Era um jovem de uns 30 e poucos anos, bonito, vagamente parecido com James Dean e talvez não só́ fisicamente. A sua história era bastante extraordinária. 

Foi militar combatente no Vietnã, deixou o exército americano no fim do seu período, não foi um desertor, nada disso. Decidiu voltar aos EUA do jeito mais interessante possível. Apesar do fato de que "interessante" não seja uma palavra que fazia parte do seu vocabulário, vale a pena notar. Ele voltava, mas não tinha chegado aos EUA, porque voltara através da Birmânia, Índia. Ficou na Índia por muito tempo. Tinha se relacionado com drogas nessa época e chegou finalmente à Europa. Na Europa ele encontrou uma mulher com a qual se casou. A mulher era herdeira de uma empresa importante em Paris. Permaneceu com ela na França ocupando um posto de direção na administração desta empresa. 

O problema que levou sua mulher a enviá-lo, era o seguinte: ele era casado com ela, sem filhos, e por outro lado, acabou sendo também o amante da sua sogra, o que, aparentemente trazia problemas à mulher, talvez à sogra, não sei, mas não colocava nenhum problema para ele. Porém ele chegou e ficou no consultório mais ou menos um ano. O que era difícil é que eu não tinha a menor ideia do porquê ele vinha. Vinha regularmente, falava o que normalmente um paciente em análise, bem educado, pode falar: de sua infância, de sua história, das coisas sobre as quais normalmente um paciente fala. 

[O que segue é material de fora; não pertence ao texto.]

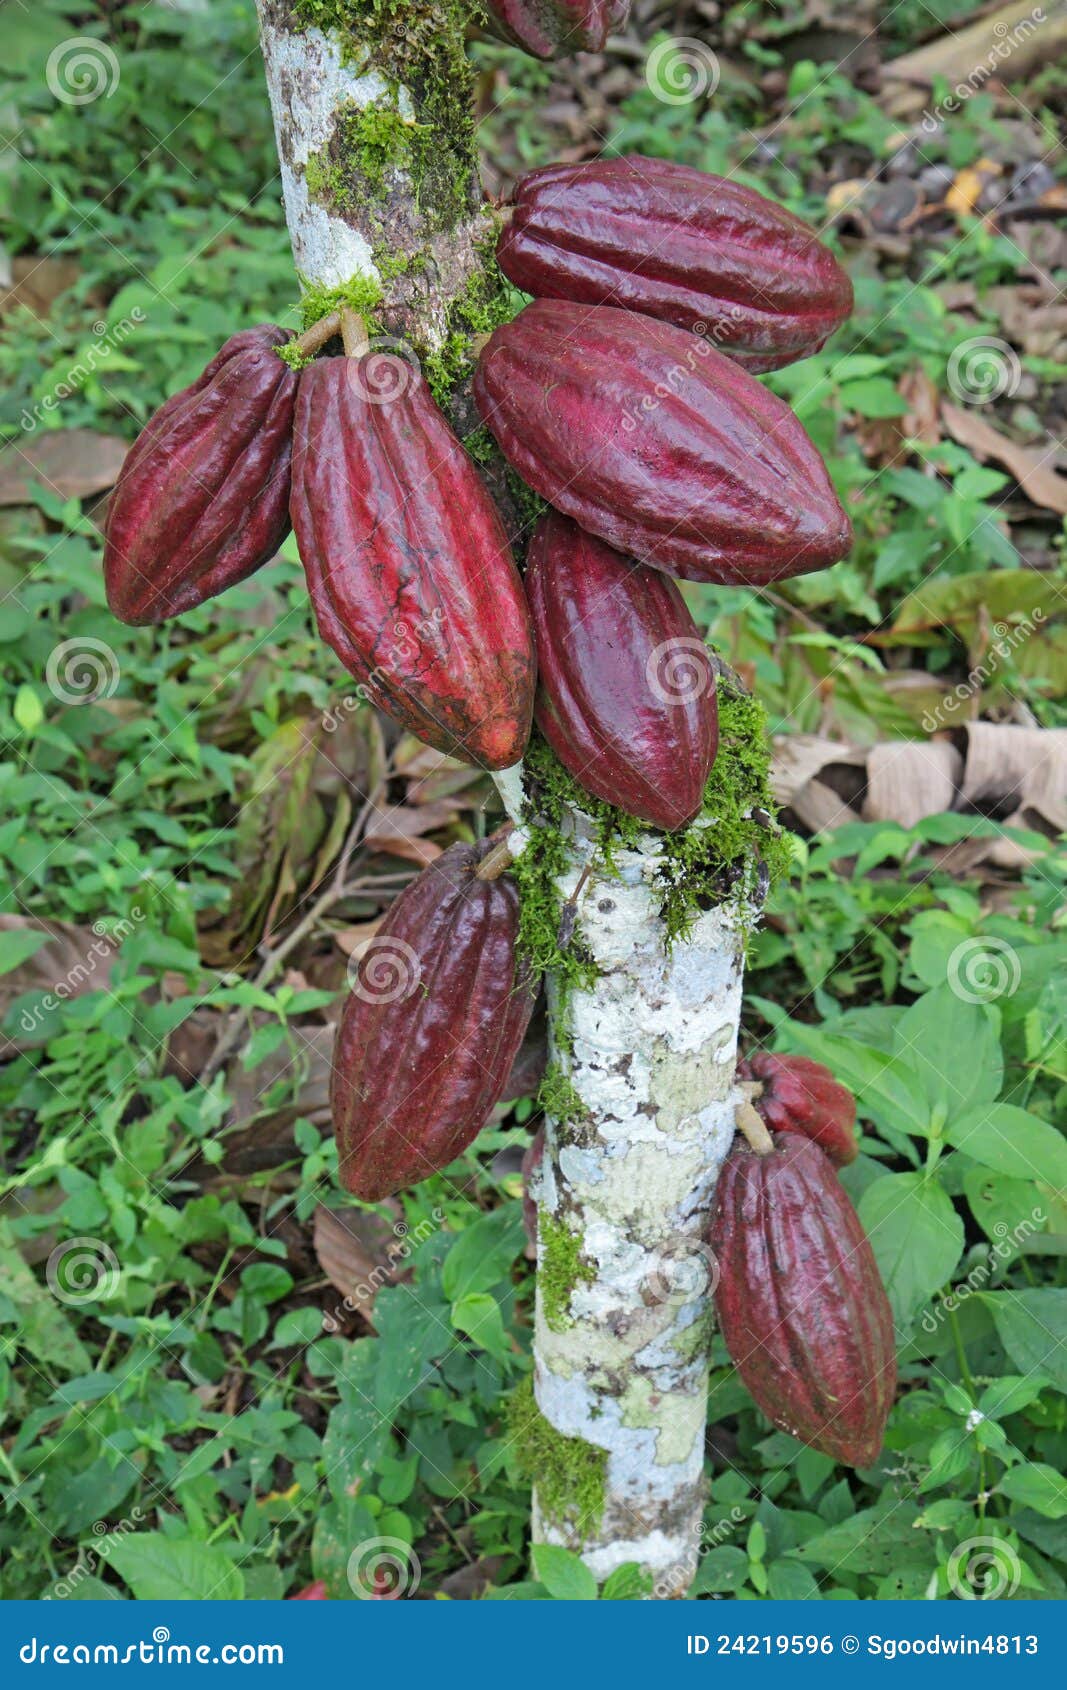 multiple pods of arriba cacao

O fim da história foi assim: um dia eu soube — porque fiquei um tempo sem notícias dele, não veio mais e eu não sabia por que — que ele estava num bar, num bar qualquer e, não sei como, alguns bandidos que aparentemente estavam preparando um assalto acharam que ele tinha a cara do negócio, propuseram que ele participasse neste assalto, ele aceitou e foi com eles. O assalto saiu mal, um assaltante morreu e ele foi preso. Nesta ocasião, a mulher dele me ligou, e tudo isso acabou com uma expressão jurídica, pois escrevi um certo número de considerações sobre ele, por razões judiciais. Tudo isso não saiu muito mal para ele: um divórcio e um tempo de prisão relativamente breve antes de uma expulsão. 

O que era extraordinário nesta pessoa — e por isso resulta difícil falar dele — é que ele era disponível a qualquer coisa. Não no sentido da docilidade, no sentido de que teria sido fácil manipulá-lo, mas no sentido de que qualquer estrada e qualquer direção eram para ele direções possíveis, estradas possíveis. 

Isso traduz o que aconteceu no final de sua história e também o que aconteceu no início de sua história francesa, por exemplo. O fato de ter sido combatente no Vietnã, com uma história pesada, como a de qualquer combatente no Vietnã, de ter sido depois hippie na Índia e chegar a Paris e inserir-se no melhor da alta sociedade. 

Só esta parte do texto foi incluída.